Re: Perl reads minimum 8KB from files. Can this be lowered? by GrandFather (Saint) on Apr 08, 2022 at 06:58 UTC
It would be unusual for a small read size to boost performance, at least with spinning rust. Even if it were the case, changing Perl's minimum read size will almost certainly not make any difference to how the OS buffers file I/O so it's likely that you can only hurt performance by increasing the number of calls into the OS to get work done. Maybe there is some other reason you are getting a performance hit (assuming this isn't just "I wonder what would happen ..." territory). If you have a real performance problem to solve, perhaps you would like to tell us more about it so we may be able to offer some more substantial advice? Optimising for fewest key strokes only makes sense transmitting to Pluto or beyond	[reply]

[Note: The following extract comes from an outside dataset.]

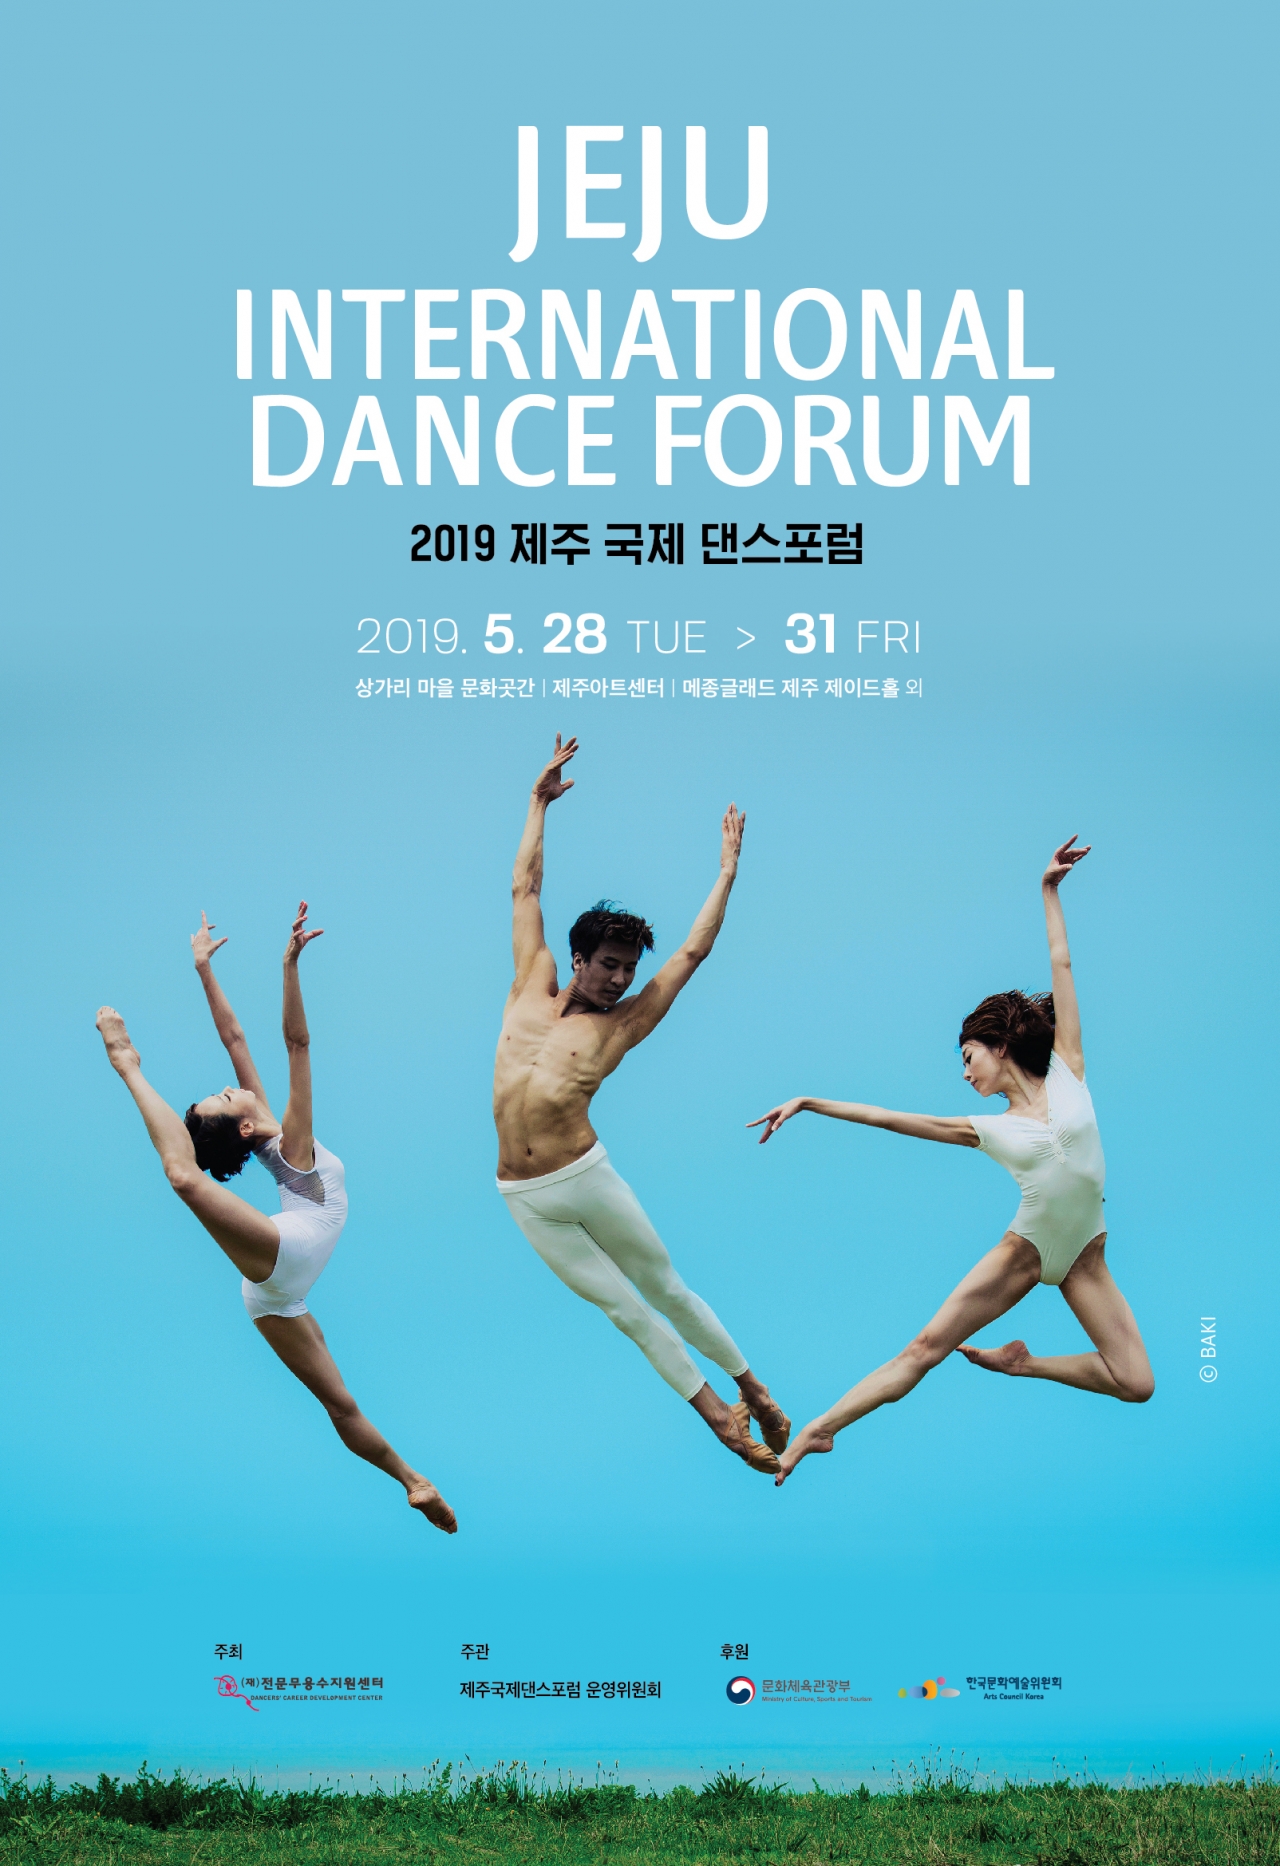 (재)전문무용수지원센터(이하 센터, 이사장 박인자)는 오는 28일부터 31일까지 제주지역 일대에서 2019 제주 국제 댄스포럼을 개최한다고 14일 밝혔다.

Re: Perl reads minimum 8KB from files. Can this be lowered? by Corion (Patriarch) on Apr 08, 2022 at 06:38 UTC
You can set the amount that Perl reads by setting the `$/` variable, to (in your case) \512. See perlvar for more information on `$/`.	[reply] [d/l] [select]
Re^2: Perl reads minimum 8KB from files. Can this be lowered? by ikegami (Patriarch) on Apr 08, 2022 at 16:13 UTC
That's not true. That will just change the amount returned. `$ strace perl -e'$/ = \512; 1 while <STDIN>' <a 2>&1 \| grep 'read(0' read(0, "xxxxxxxxxxxxxxxxxxxxxxxxxxxxxxxx"..., 8192) = 8192 read(0, "xxxxxxxxxxxxxxxxxxxxxxxxxxxxxxxx"..., 8192) = 8192 read(0, "xxxxxxxxxxxxxxxxxxxxxxxxxxxxxxxx"..., 8192) = 3616 read(0, "", 8192) = 0` [download]	[reply] [d/l]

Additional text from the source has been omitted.